By treating children, specialist doctors aim to improve the rate at which they grow, reduce their leg bowing, decrease bone disease and pain and increase their phosphorus levels.
XLH is a lifelong condition. The experiences you may have had as a child with XLH may be very different than those of your children. Treatments have changed and the types and severity of symptoms vary from person to person.
Goals of treatment
By treating children, specialist doctors aim to improve the rate at which they grow, reduce their leg bowing, and decrease bone disease and pain. Data suggest that the earlier a child is diagnosed and treatment is begun, the better it is for the child’s long-term health.
Currently specialist doctors use two key medicines to treat XLH in children – vitamin D substitutes (calcitriol or alfacalcidol) and phosphates. These medicines don't treat the underlying cause of XLH (phosphate wasting) but instead attempt to replace the minerals that are missing. Both medicines are available as liquids, which makes them easier for children to take.
There are additional ways to treat the symptoms of XLH:
Physical therapy and occupational therapy
Physical therapy can help reduce your child’s pain by improving their joint stability and flexibility and the strength of their muscles. They may also learn how to move and sit to help avoid pain. Occupational therapy can help children learn some new tips and tricks to help them manage everyday tasks.
People with XLH tend to have weaker muscles, so getting active can help. Ask your child’s specialist doctor about the type and level of activity that could help.
Although you can purchase painkillers for children from your pharmacy, it is best to get them following advice from your family doctor. Your doctor will be able to advise you on dose and which painkillers are best if your child needs regular pain relief. You should always tell your family doctor or healthcare team if they are taking any non-prescribed medicines – this includes pharmacy and complementary medicines, such as herbal or homeopathic treatments.
Children with XLH often have trouble with both their first and second sets of teeth. Tell your family dentist that your child has XLH so they know what to look out for. Good dental hygiene and regular check-ups are essential. Also, it has been shown that children who take phosphate and vitamin D substitutes regularly have fewer dental problems as they grow, and throughout adult life.
We all have tiny bones in our ears and these, like every other bone in the body, can be affected by XLH. Symptoms include hearing problems, dizziness (vertigo) or ringing in the ears (tinnitus). Although ear problems tend to be more common in adults, they can affect children.

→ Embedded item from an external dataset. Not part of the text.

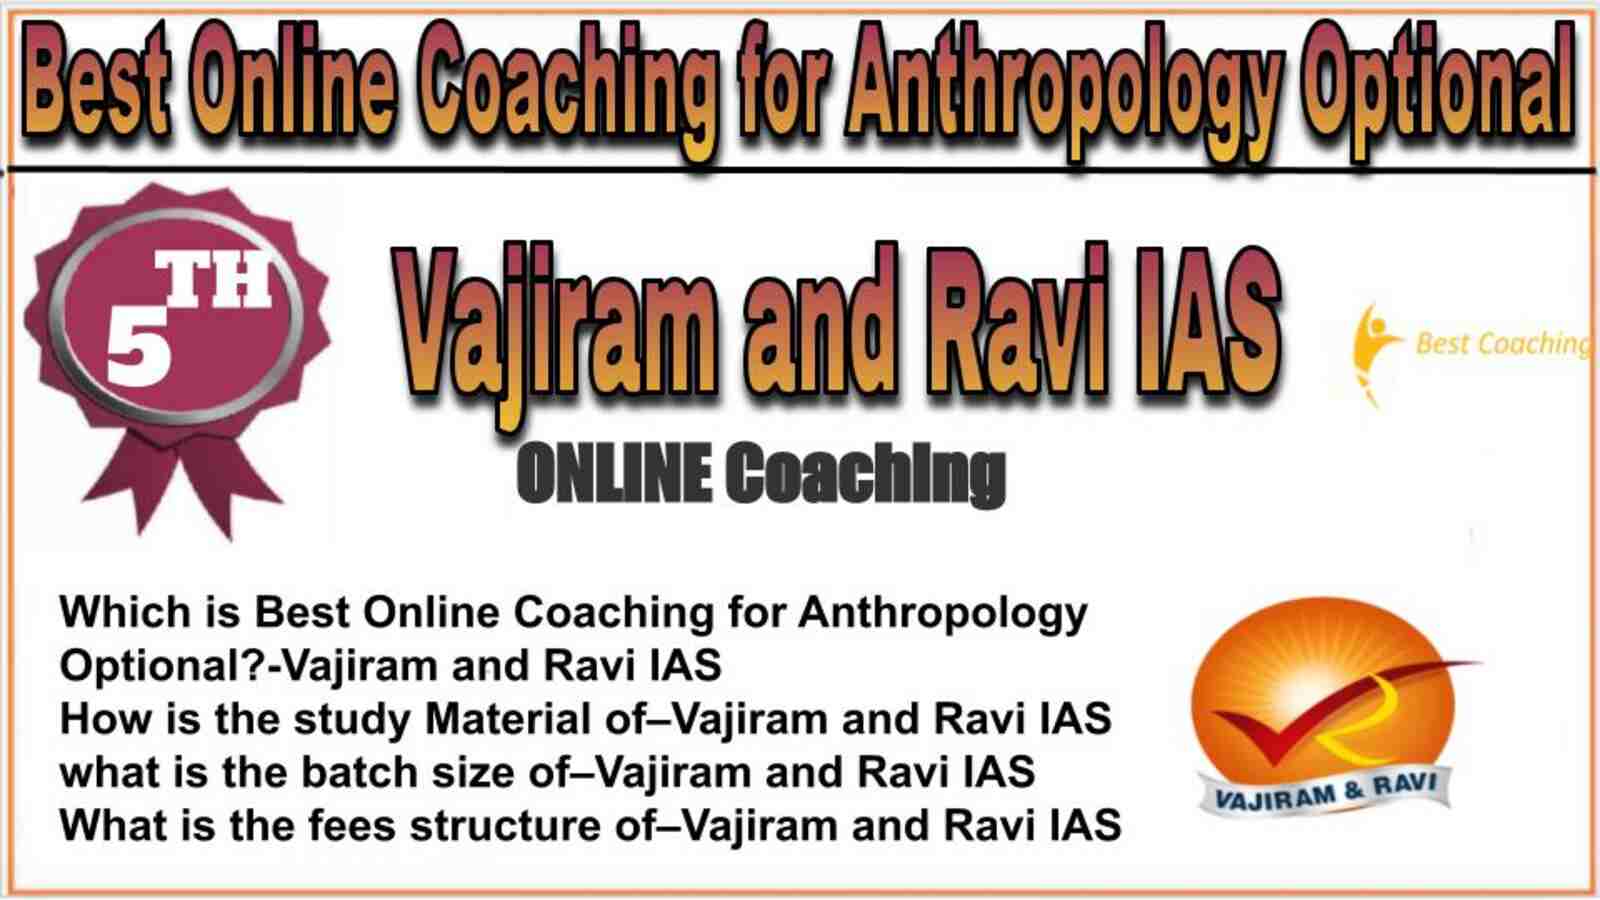 Rank 5 best online coaching for Anthropology Optional

So, if your child seems to be having difficulty hearing, or has any other ear-related symptoms, make an appointment to talk to their specialist doctor.
Surgery isn't common in young children and is decided on a case-by-case basis. If your child does require surgery, the medicines they take might need to be adjusted leading up to surgery.

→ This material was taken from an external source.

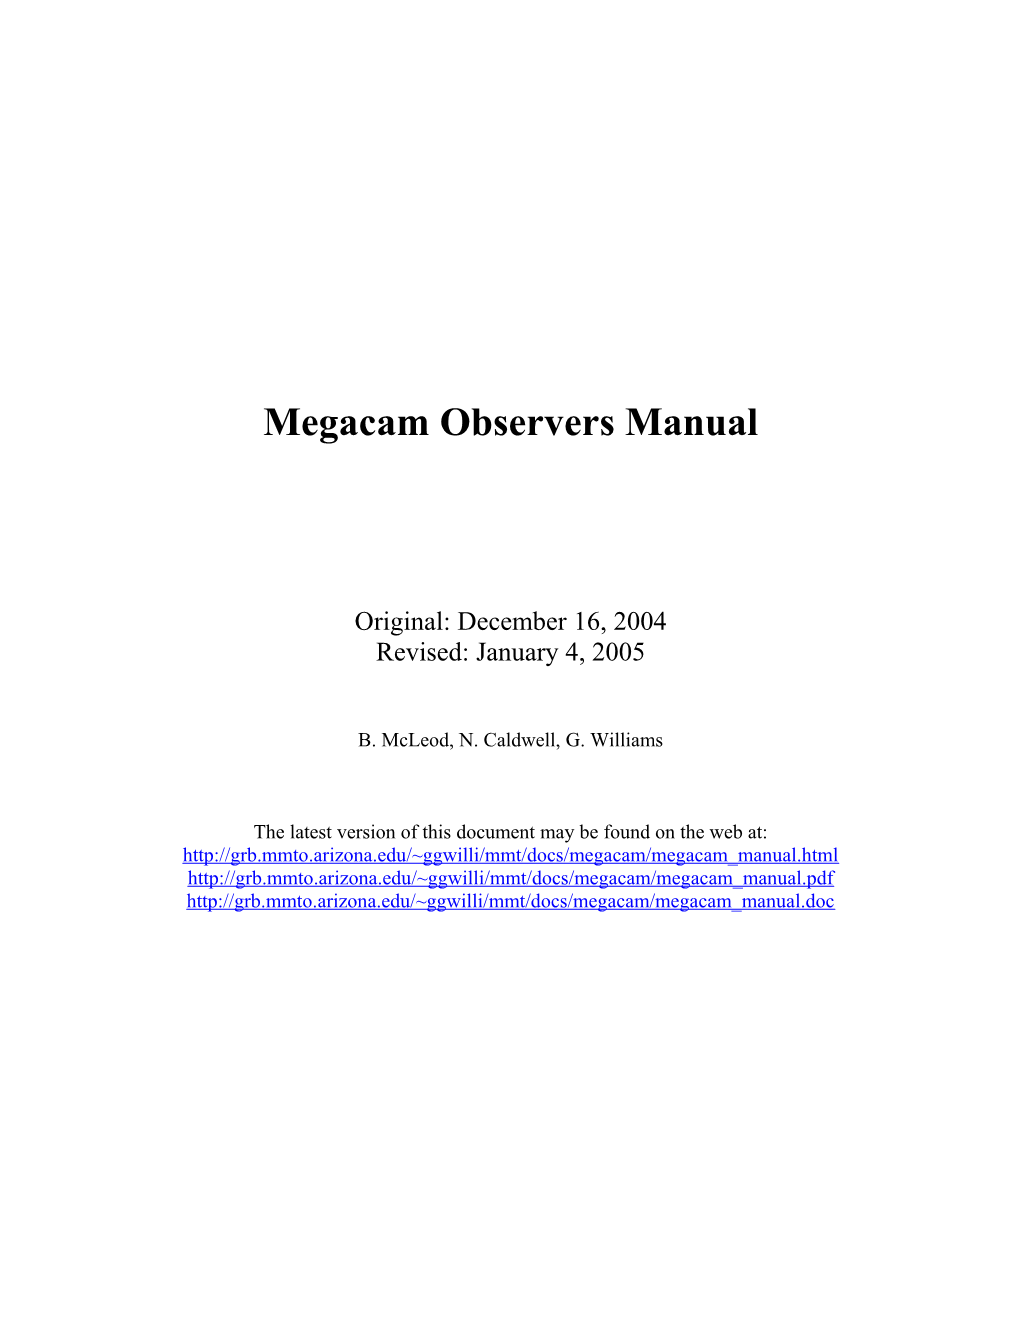 Observers Manual for Megacam on the MMT

Genetic counselling can help children and parents deal with information on the nature, inheritance and implications of XLH, to help them make informed medical and personal decisions.

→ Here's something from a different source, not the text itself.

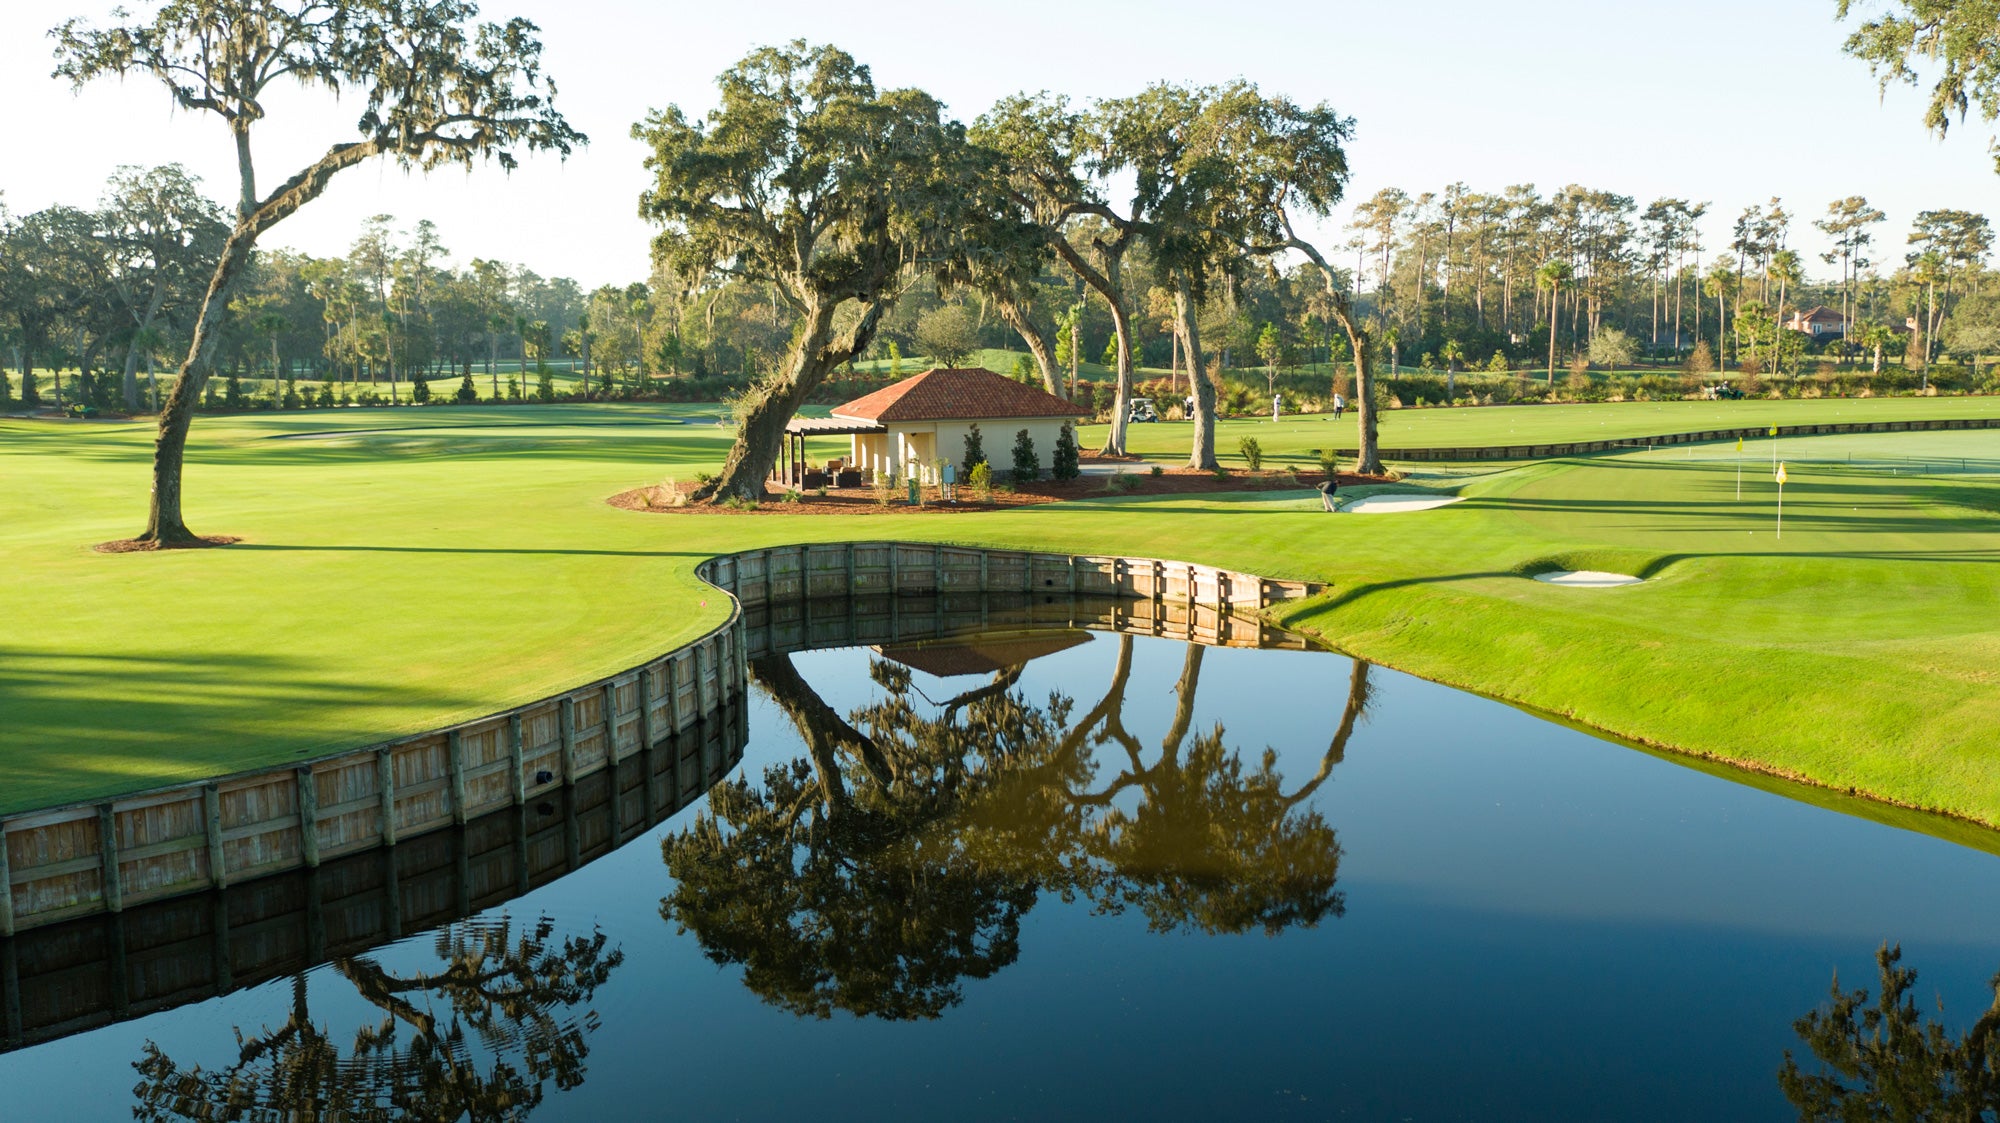 Inside the innovative new practice facility at TPC Sawgrass

Other forms of counselling, such as cognitive behavioural therapy (CBT), have been shown to be useful for children and adolescents with health issues.
Responsibility of care
As we grow older, we become more independent and able to make decisions for ourselves. However, the transfer of responsibility from parent to child doesn't happen overnight – it’s a gradual process. Doctors tend to begin involving children in decisions about their care. Once a child reaches 16 to 18 years, their care will be routinely transferred from their paediatric (childhood) team to an adult healthcare team.
It’s not uncommon for older teenagers to stop seeing their healthcare team and stop taking their medicines. There are many reasons why this can happen. For example, their symptoms have become less problematic or they may have become fed up with having to take medicine every day. It’s perfectly understandable, as very few people enjoy taking medicines or relish the experience of being ill. Parents and healthcare teams need to work closely with young people and support them as they enter adult life. The effects of low phosphorus will continue throughout their lives. So, it’s important to encourage them to see their specialist doctor regularly and engage with their treatment.